Граждане! Есть еще вещи, помимо денег. Можно жить с зарплатой пять тысяч рублей и быть достойным человеком.

Оцените материал

Просмотров: 92872

Авдотья Смирнова: «Теперь наш черед сказать: “Если вы такие богатые, почему вы такие несчастные?”»

Мария Кувшинова · 07/09/2011
Режиссер картины «Два дня» о коротких романах между интеллигенцией и властью, русском классике Щегловитове и кинотеатрах, в которых невозможно смотреть кино

Имена:  Авдотья Смирнова

©  Евгений Гурко / OpenSpace.ru

Авдотья Смирнова

Авдотья Смирнова

8 сентября в прокат выходит картина Авдотьи Смирновой «Два дня» (подробнее здесь). Это публицистическое высказывание о взаимоотношениях интеллигенции и власти, культурном дарвинизме и непреходящей ценности русской литературы, удачно замаскированное под комедийную мелодраму: Петр Дроздов, федеральный чиновник в исполнении Федора Бондарчука, встречает в провинциальном музее-усадьбе Машу, специалистку по творчеству вымышленного классика Петра Щегловитова.

МАРИЯ КУВШИНОВА встретилась с Авдотьей Смирновой в Санкт-Петербурге и узнала, как создавался фильм, больше всего похожий на манифест рассерженного интеллигента.



— Как вам пришла в голову идея создать вымышленного русского классика Щегловитова, автора «Рассказов рыбака»? Он настолько прекрасен, что его имя могло бы стать нарицательным.

— Мне рассказывали, что на фестивале в Выборге люди, выходя из зала (а вы же знаете, что в Выборге другой зал, не фестивальный), говорили, что надо хоть почитать этого Щегловитова.

— Можно пойти дальше и написать за него корпус текстов.

— Ну как же, тексты обозначены: «Записки рыбака», роман «Два дня» и «Подстепье» — между прочим, лучший его рассказ.

— Так откуда он взялся?

— Известно, что этот сценарий мы (со вторым автором сценария Анной Пармас. — OS) писали не для себя…

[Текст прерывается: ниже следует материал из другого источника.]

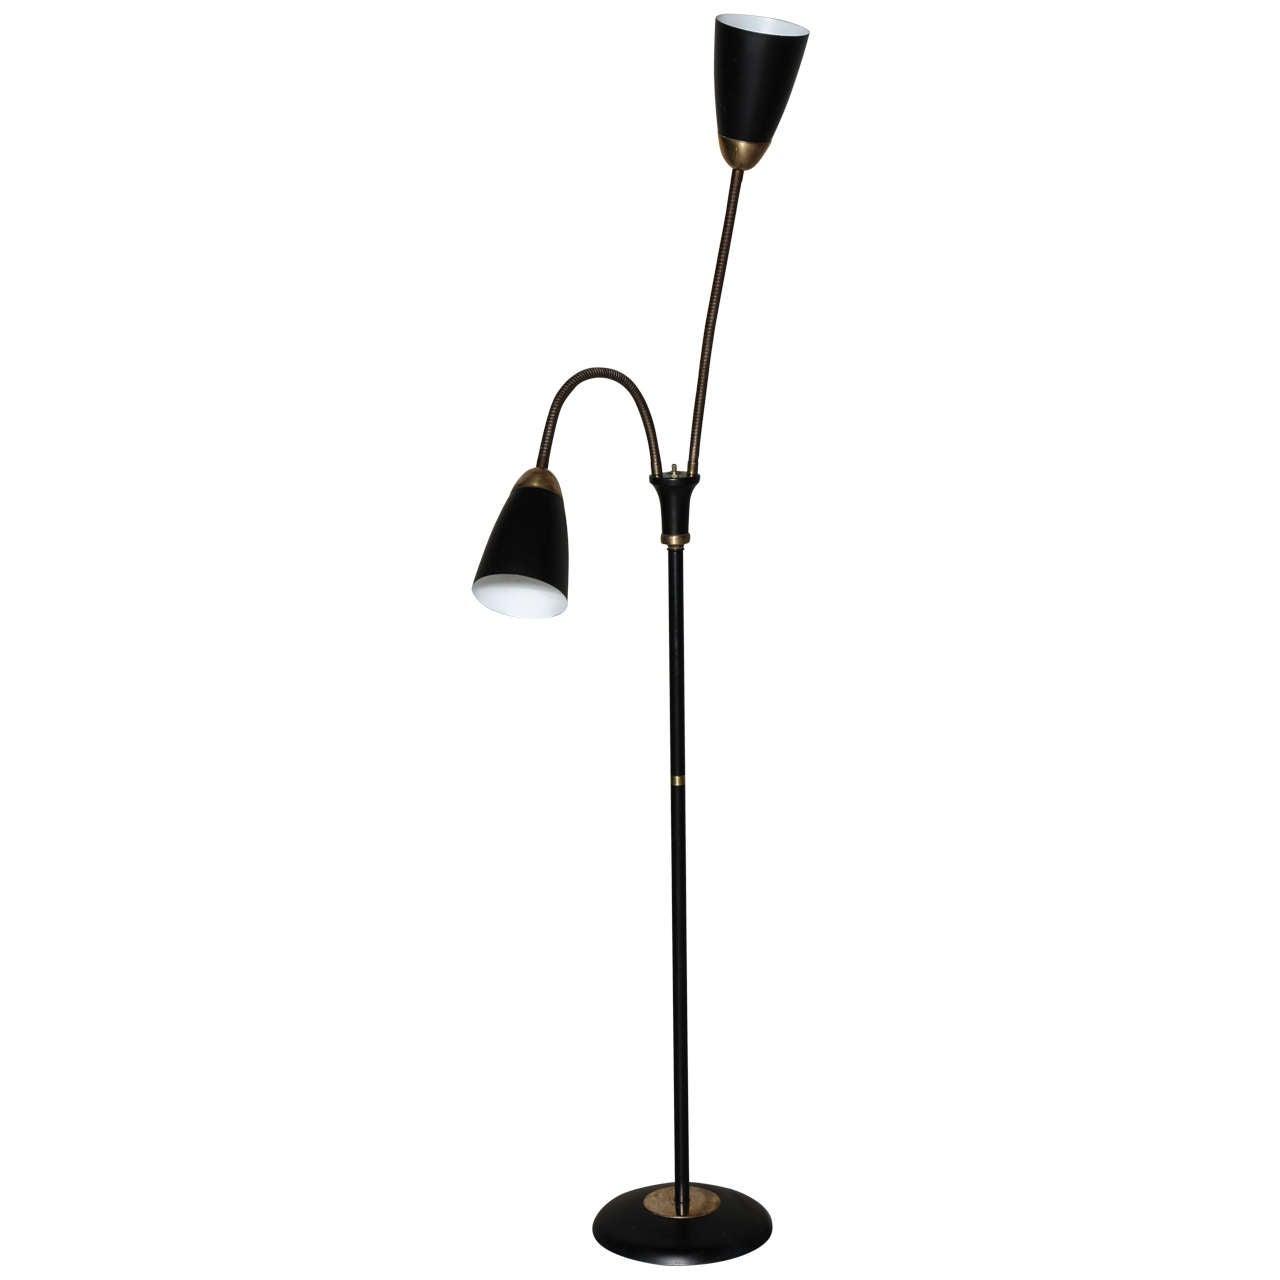 Mid century double gooseneck floor lamp at 1stdibs for 6 head gooseneck floor lamp

— Что-то там было про «заказ на позитивный образ власти».

— Ничего подобного, это все журналисты потом приписали. Господи, замечательно — вы уже знаете это как предысторию…

Ко мне на «Кинотавре» подошел продюсер Рубен Дишдишян и сказал, что есть тема. Это было на волне успеха «Ликвидации» — бешеного. Продюсеры вцепились мертвой хваткой в [режиссера] Сергея Урсуляка и не слезали с него, пока он не снимет что-нибудь не менее успешное. Они, конечно, требовали «Ликвидацию-2», а Урсуляк от них отбрыкивался и говорил, что не хочет никакой второй «Ликвидации». «А чего хочешь?» — «Современную мелодраму или романтическую комедию». Стали думать, кто бы мог написать сценарий, а я со времен «Связи» считаюсь главным автором по мелодрамам — почему, не спрашивайте, это не ко мне. Они говорят: «У нас одно условие — хеппи-энд». Ладно, условие, конечно, неприемлемое, но посмотрим.

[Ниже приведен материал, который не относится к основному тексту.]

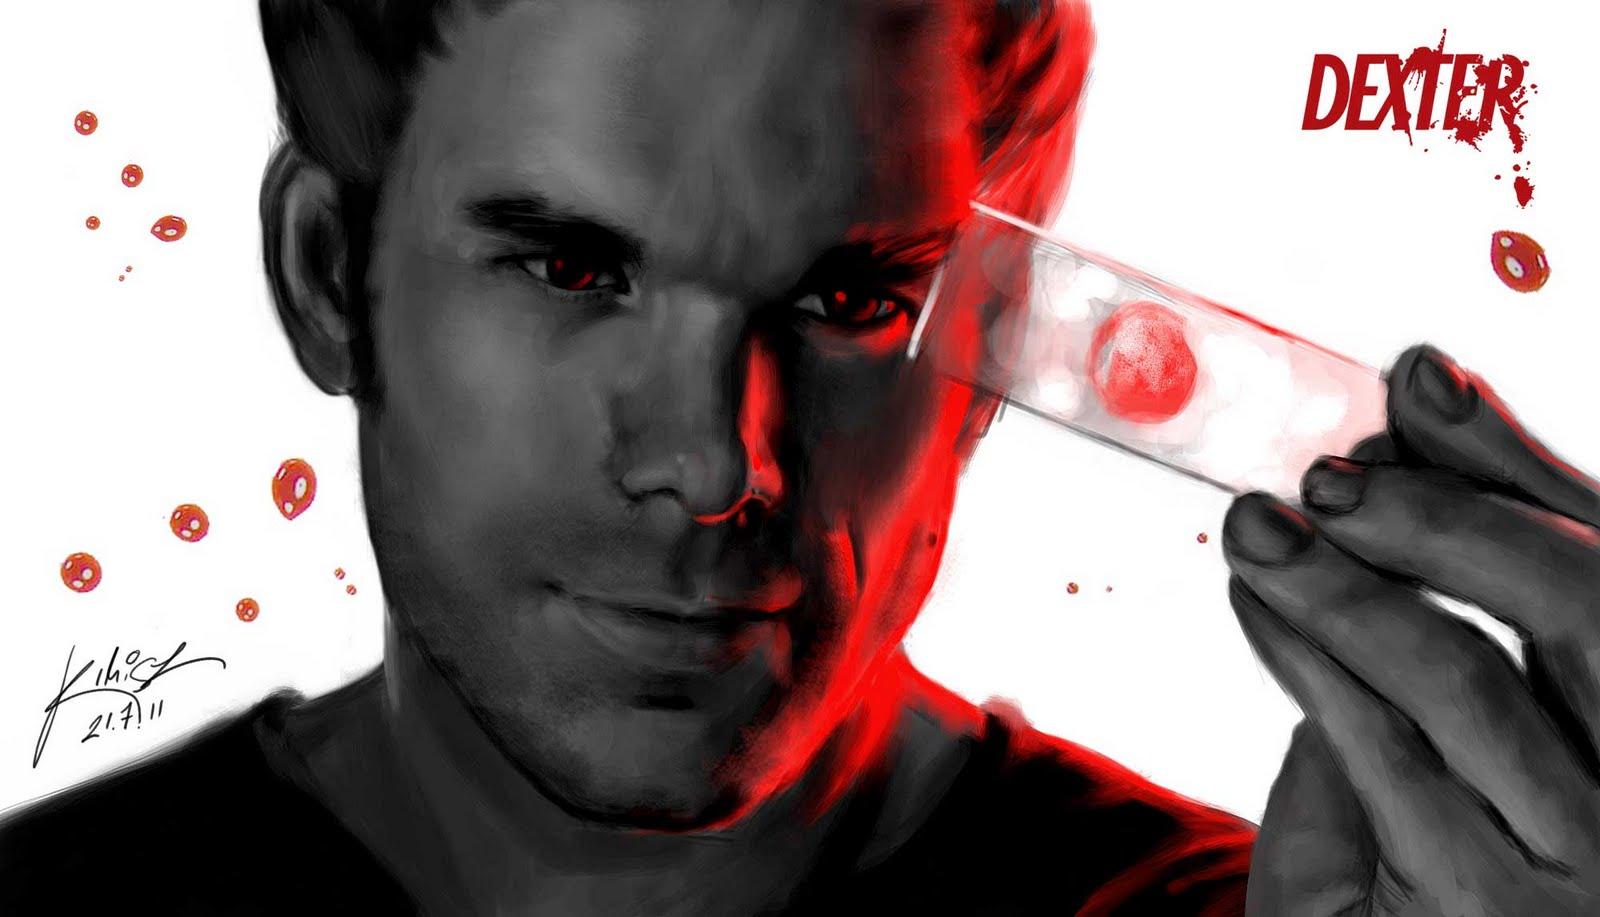 Portrait-Dexter.jpg

— Условие, которое вы не выполнили.

— Слушайте, они довольны. Продюсеры считают, что там хеппи-энд. Стали прикидывать, кого из актеров, Урсуляк говорит: «Главную роль лучше всего на Ксюшу». — «А мужика?» А за мной три года ходит Бондарчук и просит: напиши на меня и Раппопорт. Когда мы поняли, кто актеры, исходя из этого, стали искать род занятий. Кого может сыграть Бондарчук? Таксиста? Не может. Бандита уже играл. Олигарха тоже играл. Архитектора (как он мне сам предложил) — нет, извините, не архитектор ни разу. Сейчас-то я думаю, что он мог сыграть кого угодно, а тогда — «нет, ни разу». Таким образом возник крупный федеральный чиновник. Закон романтической комедии — «невозможное возможно». Должно быть противопоставление, антимиры. Что есть самое далекое от чиновника? Конечно, интеллигенция. Так возникла идея сделать героиню музейным работником.

— Когда же эти миры стали настолько антагонистичными, что годятся даже для романтической комедии?

— Это всегда так было, со времен Ивана Грозного, если учесть его переписку с Курбским. Периода, когда интеллигенция была бы довольна властью, в русской истории нет.

©  Евгений Гурко / OpenSpace.ru

Авдотья Смирнова

Авдотья Смирнова

— При Ельцине, нет?

— «Банду Ельцина под суд» — это кто в газетах писал? Рабочие? Маш, о чем вы? Чем она была довольна? Семибанкирщиной, которая нами тогда правила? Нет такого периода в русской истории, поверьте мне, граждане, — я ее читаю всю свою жизнь. Это противостояние — константа.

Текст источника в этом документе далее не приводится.